# If you sell your rabbits, where do you advertise them?



## pennylove

I found one rabbit on Craigslist, by chance, and it seems some breeders regularly list there in the Agriculture section, but not a lot. I know Hoobly is pretty popular, too. I was just curious if there are other sites popularly used by rabbit breeders that I'm maybe missing. 

I know rabbit shows and fairs are good sources, too, but I'm looking for a specific breed/color and I want to make sure I exhaust all resources: )


----------



## terri9630

I've listed on Craigs list but the feed store has sent me more people.  They know me and know when I have young rabbits cause the feed bill goes up!


----------



## flemish lops

Besides craigslist I found some nice rabbits on these sites:
http://www.bestfarmbuys.com/
http://www.domesticsale.com/


----------



## ibreedlionheads

I use craigslist, but I also network with other breeders on facebook groups. The latter I use especially for my better quality rabbits.

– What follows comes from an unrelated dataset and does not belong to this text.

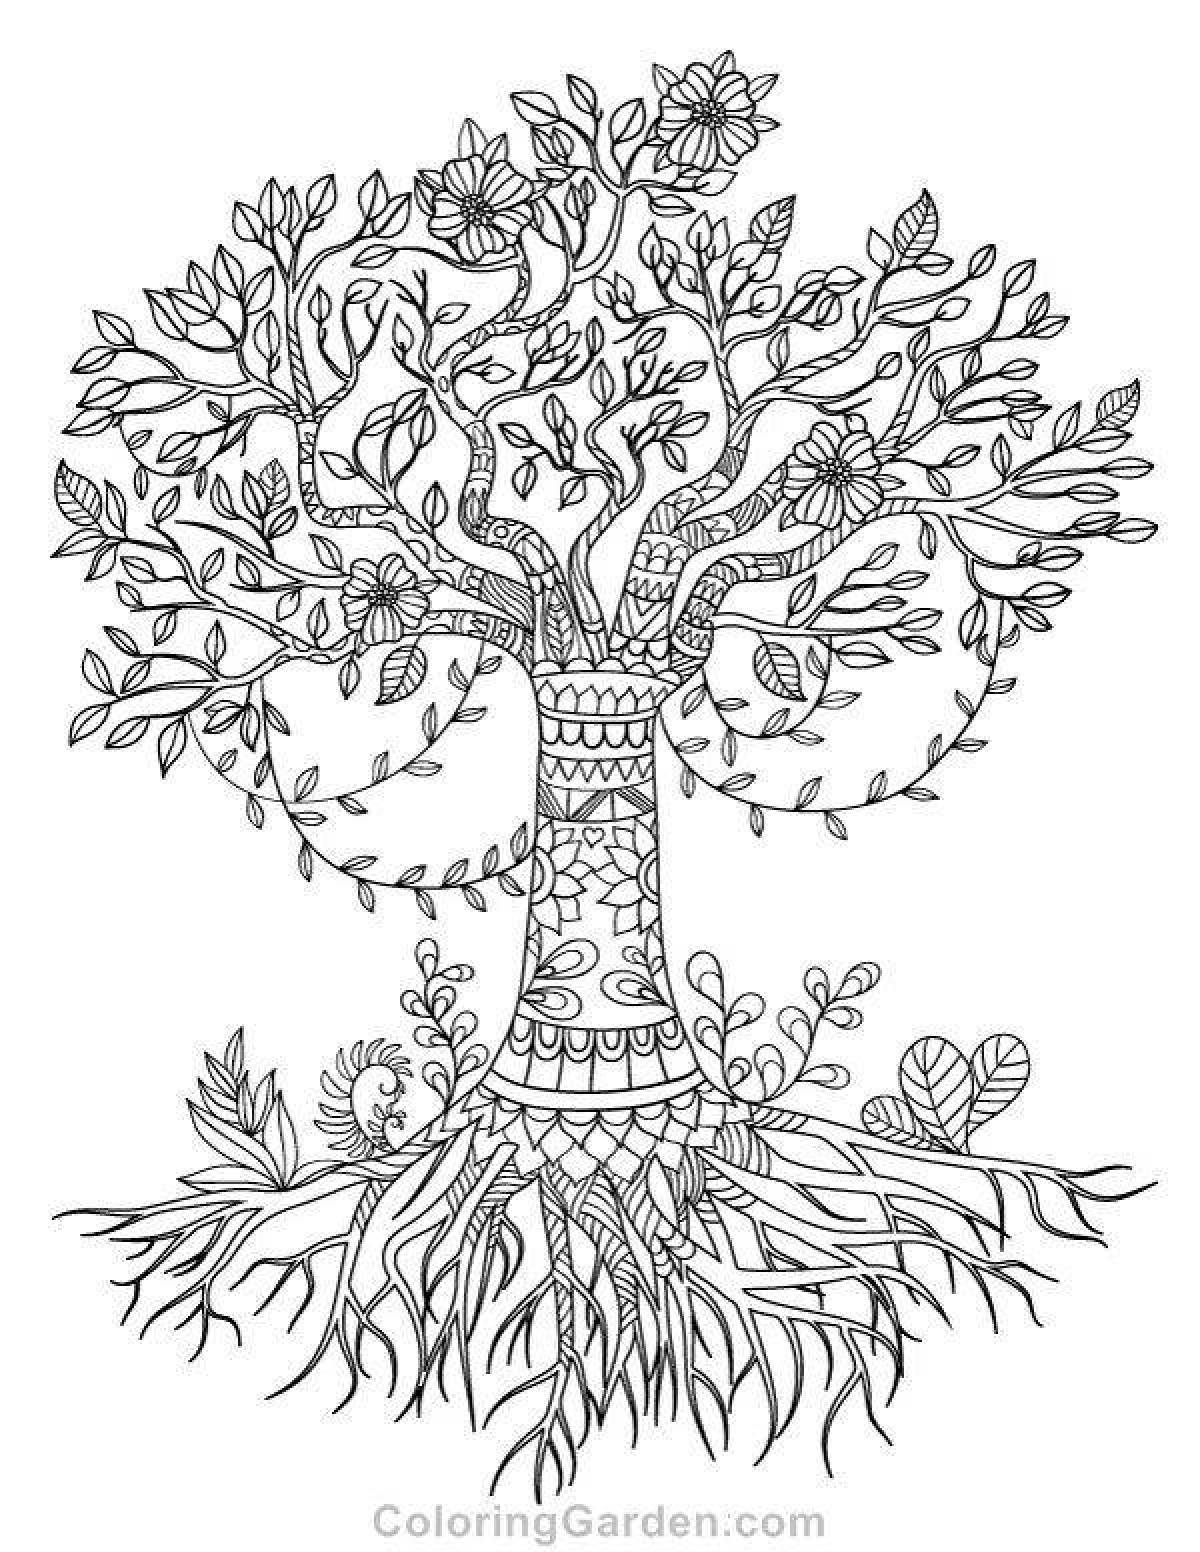 Роскошная раскраска дерево жизни

I also advertise my show quality stock on craigslist, but I prefer to sell my better rabbits to breeders I know personally.


----------



## sawfish99

CL doesn't work for us, because even though we are selling meat rabbits (livestock), ads get flagged within a few hours.  Other breeders around us have the same problem.  

I have an ad on the town "bulliten board" which is electronic and post ads at the feed stores.


----------



## WhiteMountainsRanch

sawfish99 said:
			
		

> CL doesn't work for us, because even though we are selling meat rabbits (livestock), ads get flagged within a few hours.  Other breeders around us have the same problem.
> 
> I have an ad on the town "bulliten board" which is electronic and post ads at the feed stores.

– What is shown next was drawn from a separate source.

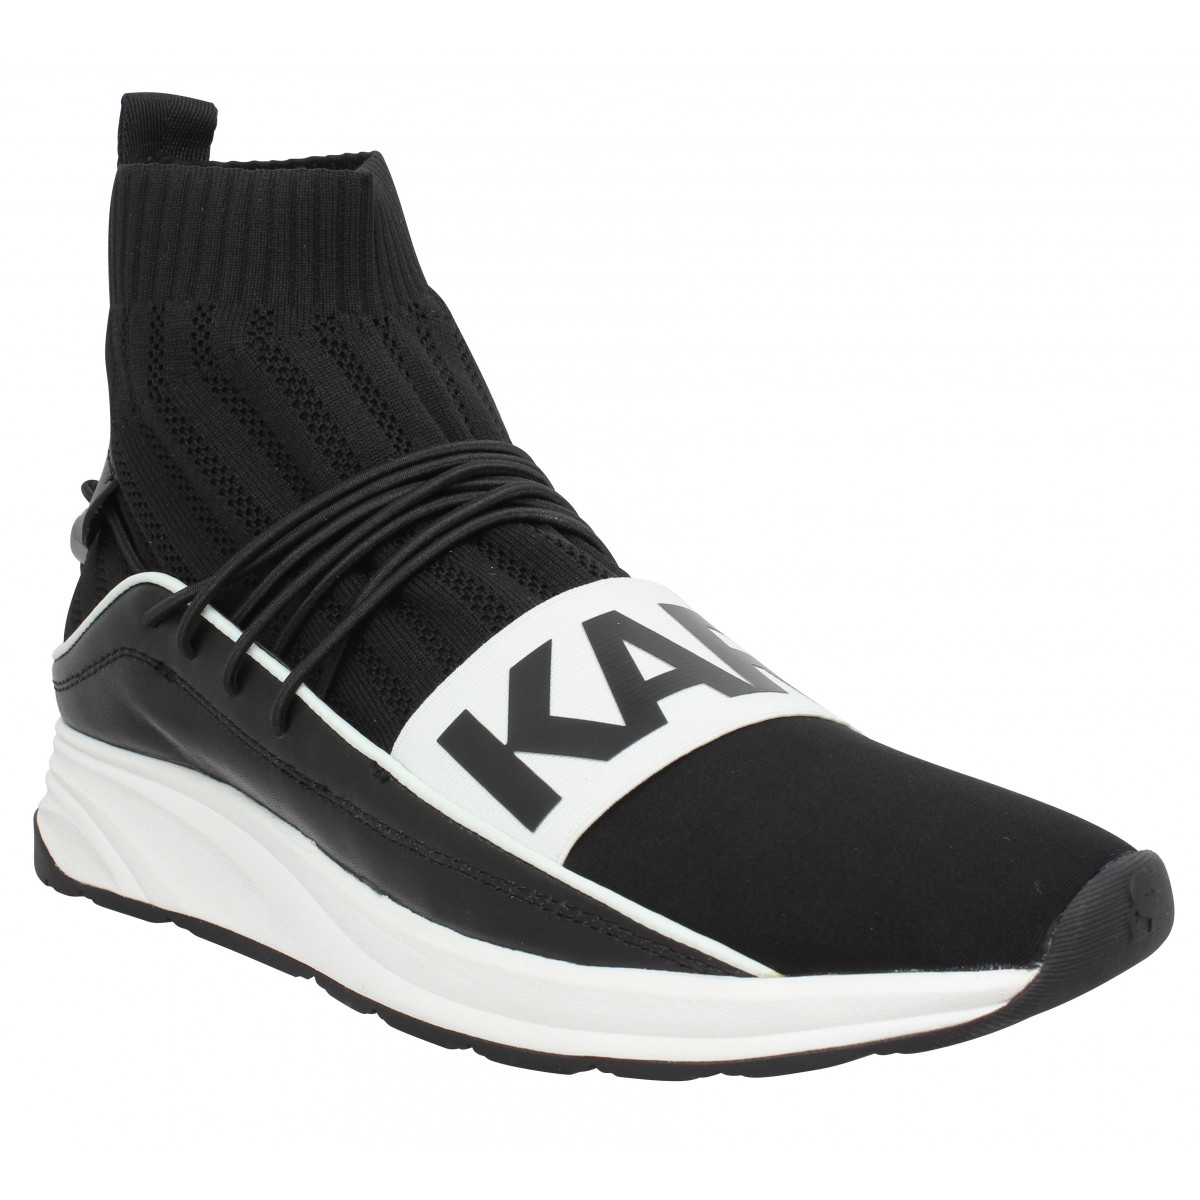 Sneakers Synthétique Karl Lagerfeld pour homme en coloris Noir Homme Chaussures Baskets Baskets basses

*X2. No matter what I do all my rabbit ads get flagged on Craiglist. 

I advertise at the feed stores, forums and by word of  mouth. I also use other advertising sites like hoobly etc...*


----------



## redtailgal

Why do they get flagged?  I've heard others complaining of the same problem, but I dont understand.


----------



## pennylove

redtailgal said:
			
		

> Why do they get flagged?  I've heard others complaining of the same problem, but I dont understand.


Craigslist has a "no breeding or selling" policy for their Pets board and the rescue set (I'm involved with Border Collie rescue, but I'm talking about fanatic rescuers, here) like to squat on Craigslist flagging ads they suspect are from backyard breeders and resellers. They do it because they think it will keep unsavory sellers from posting there and that more animals will then be adopted from rescues and rehomed right from Craigslist. I'm not at all sure it works that way. For one thing, it's easy to lie and easy to keep reposting the ad and anyone who wants to use Craigslist as a means for advertising knows how to do so. For another, despite rescuers' best efforts, there is a lot of interest in that type of ads--people want puppies and kittens, cheap if possible, they don't ask a lot of questions and most people don't really care if the dog is from an licensed, DOA inspected dog breeder with AKC championship bloodlines or someone's pet raised on the kitchen floor. 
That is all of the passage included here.